Aim of the task
Skip the pictures. Quote every line below, exactly, from the one with "Genesys Club Online Casino" through the final line.

Material provided

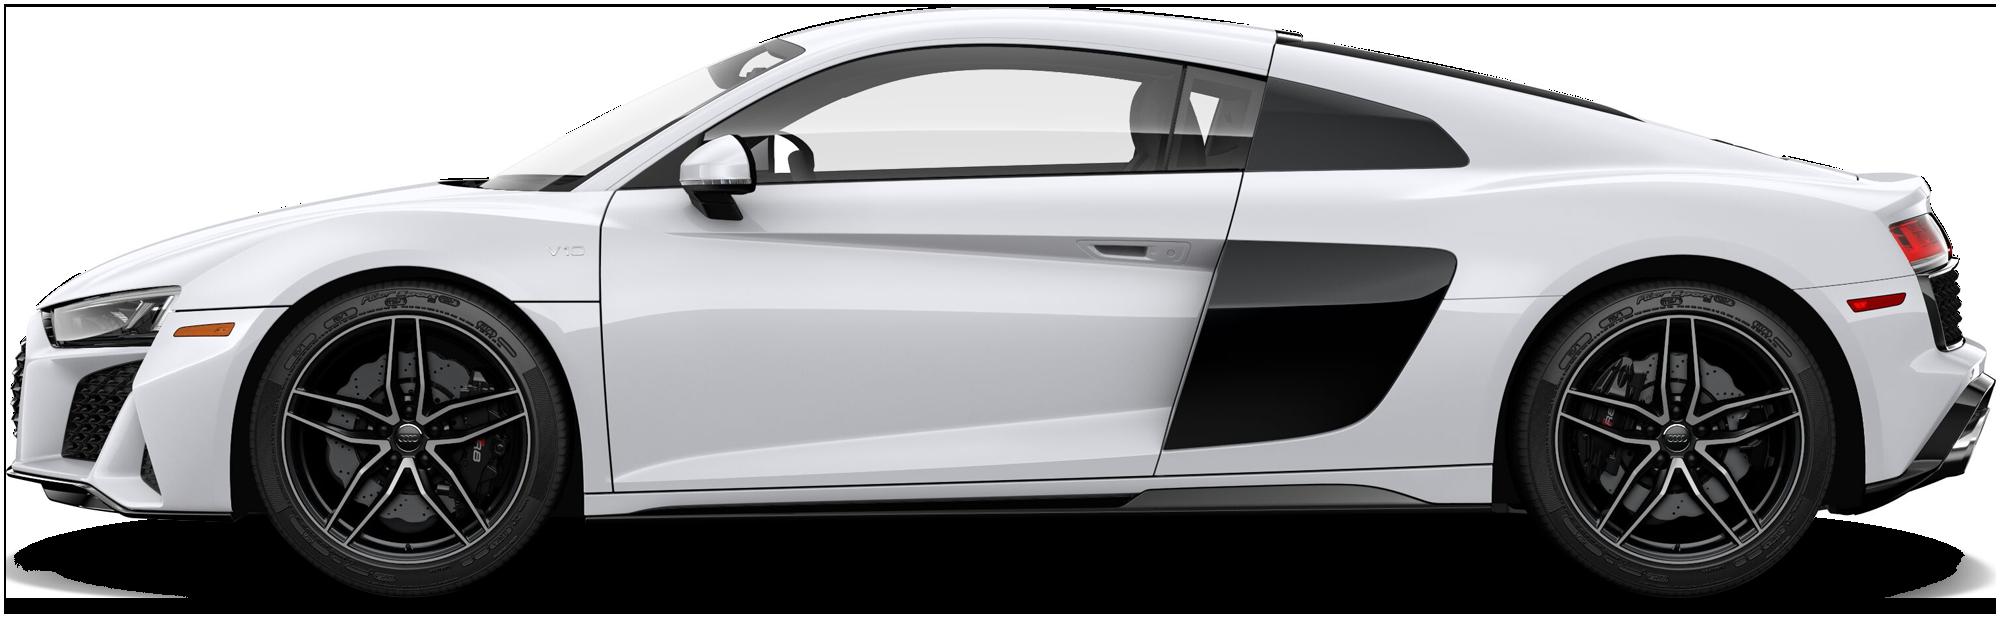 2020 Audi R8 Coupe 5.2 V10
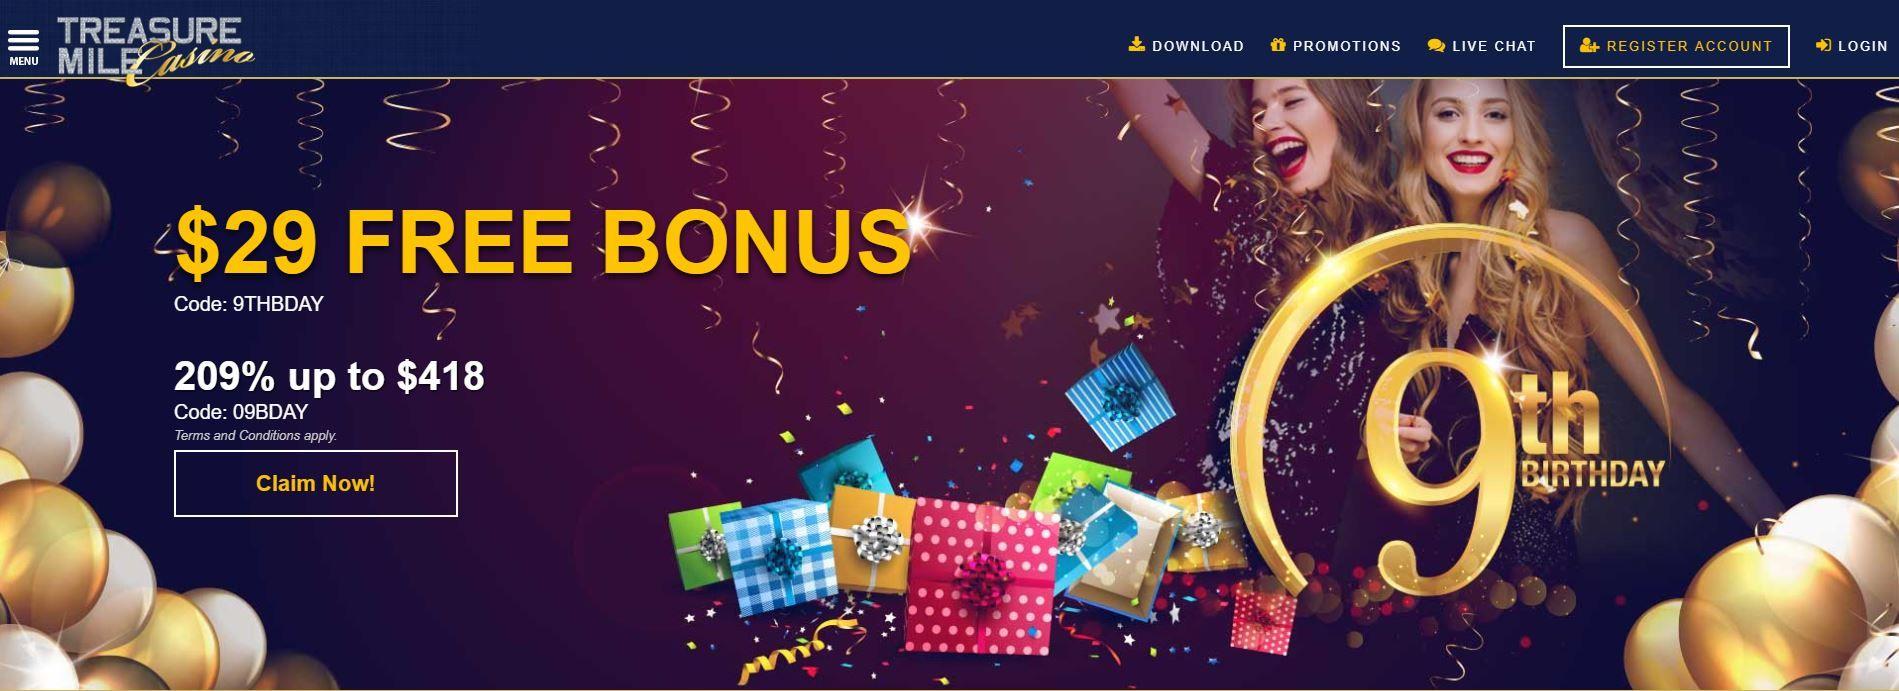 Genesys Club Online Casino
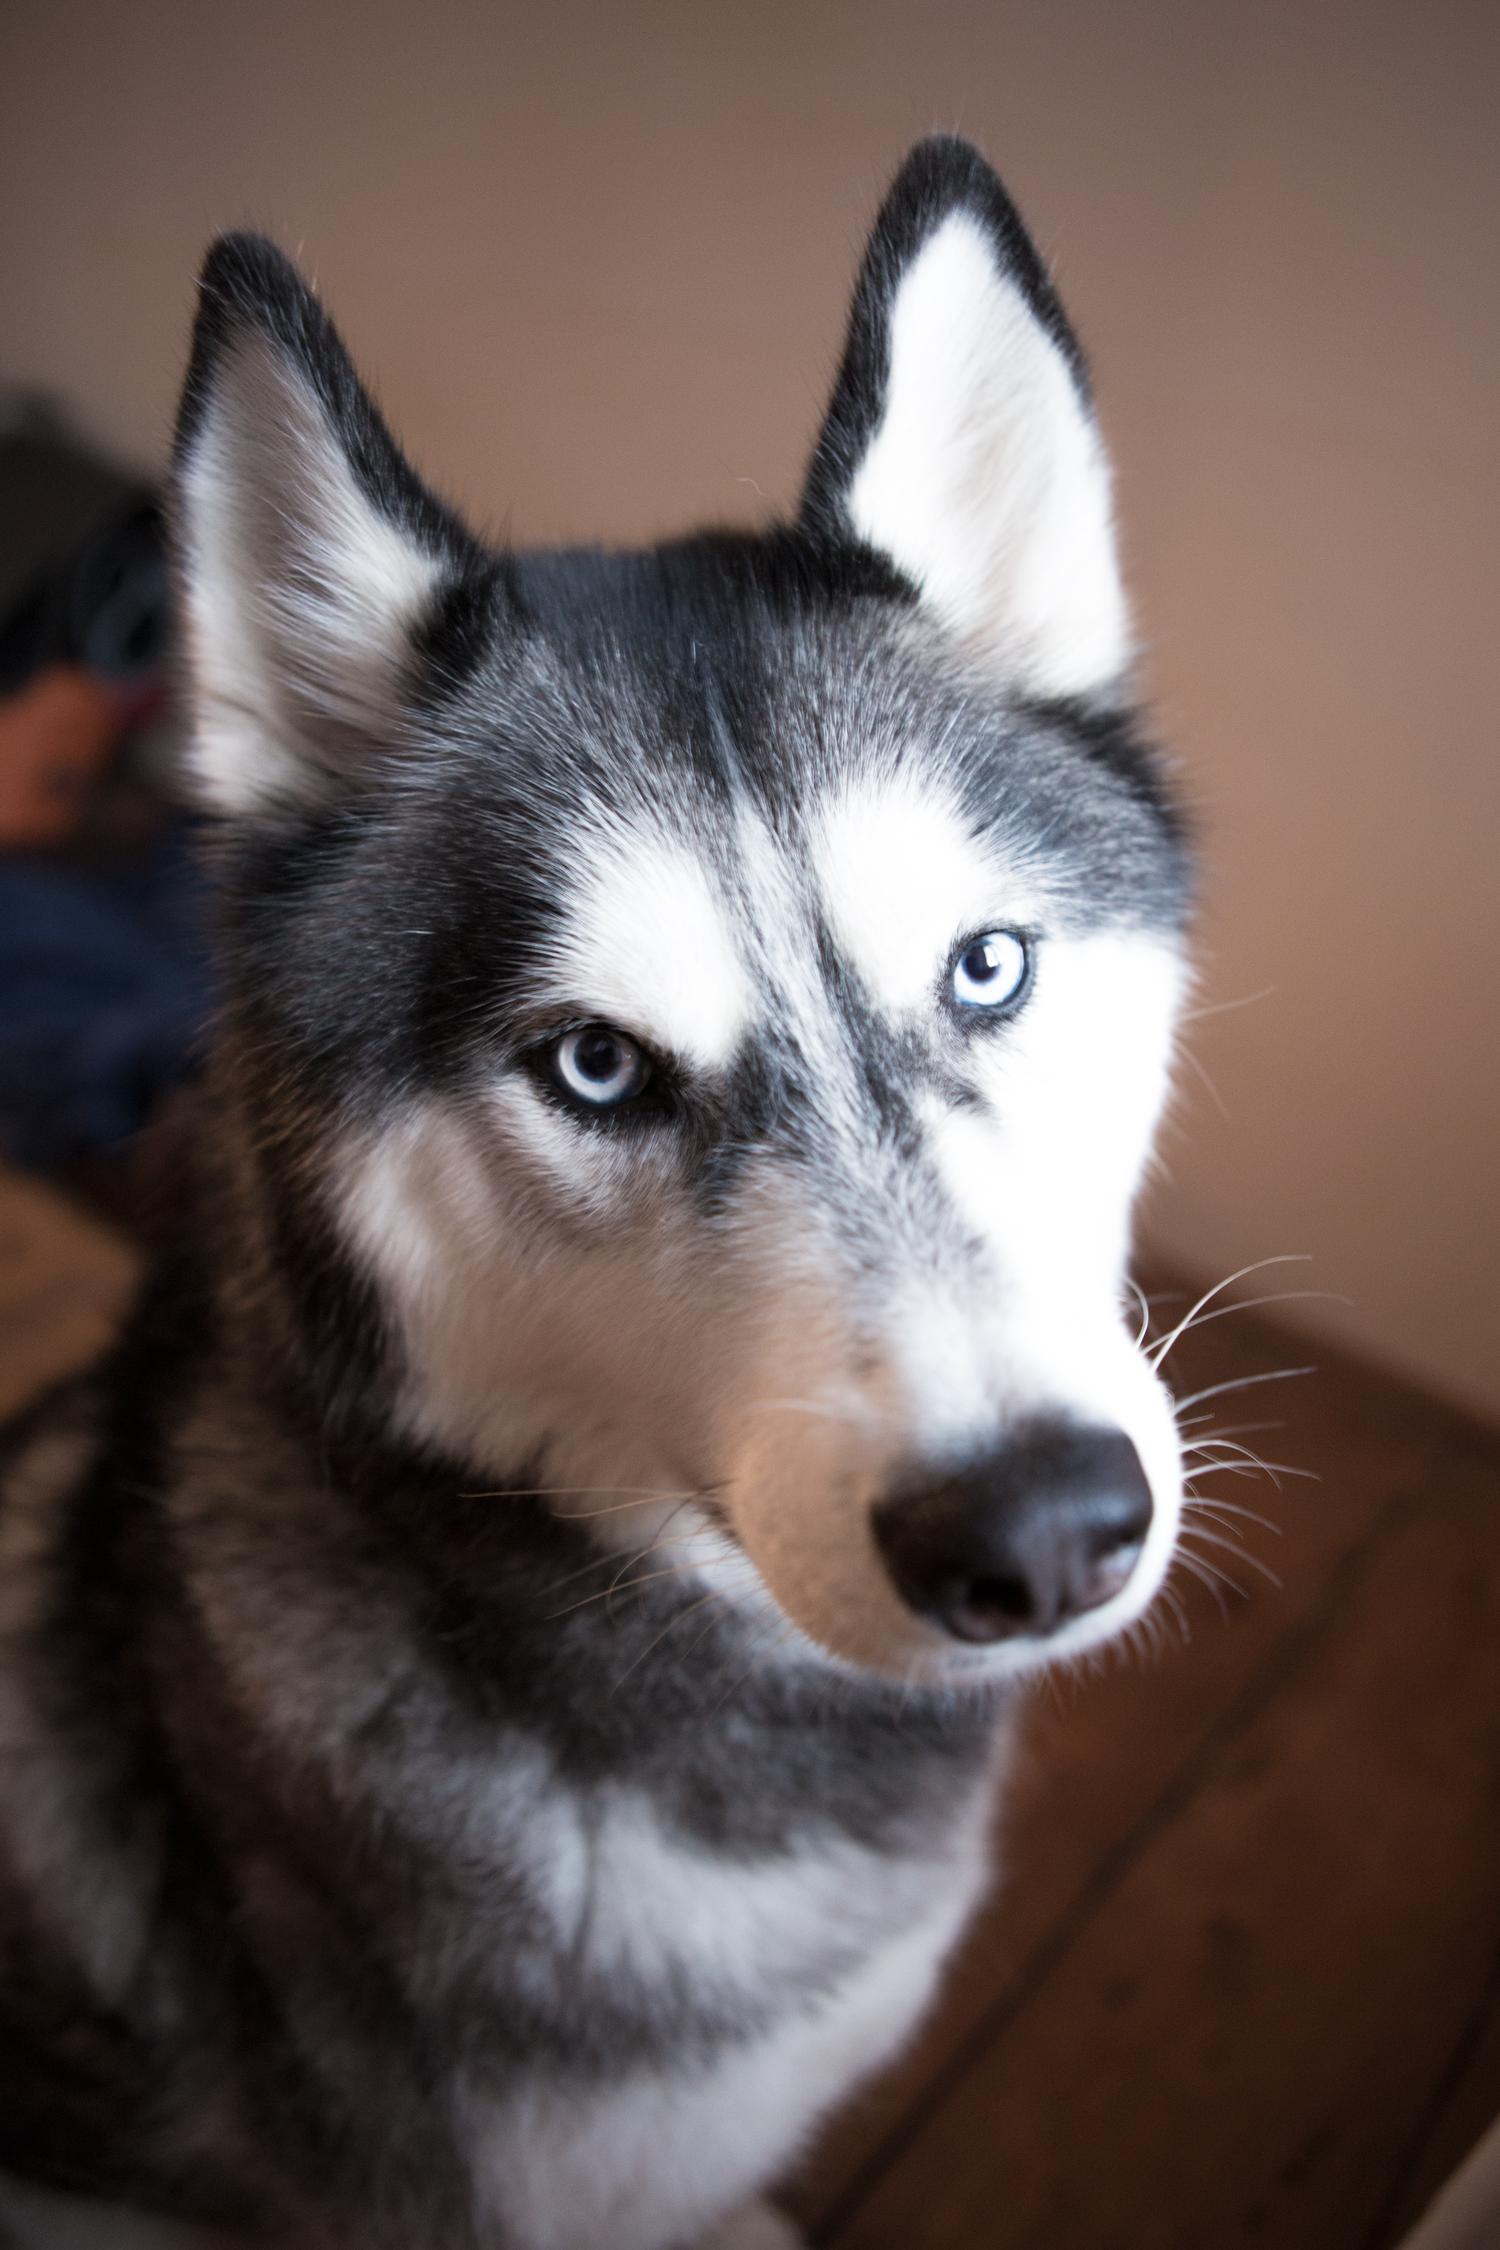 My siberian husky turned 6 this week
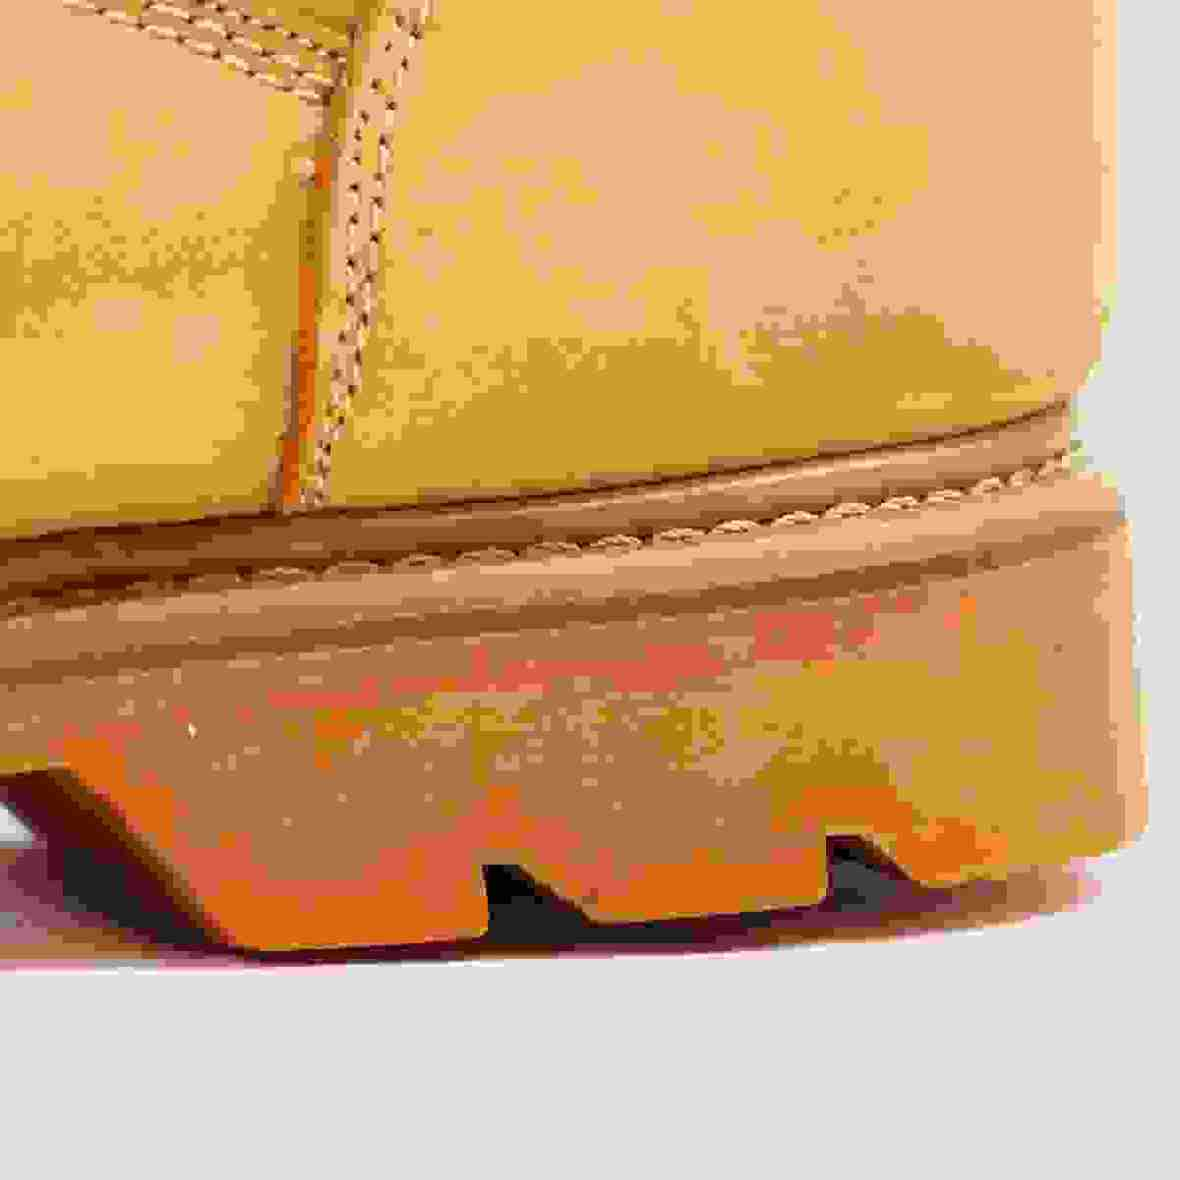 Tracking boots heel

Solution to the exercise
 Genesys Club Online Casino
 My siberian husky turned 6 this week
 Tracking boots heel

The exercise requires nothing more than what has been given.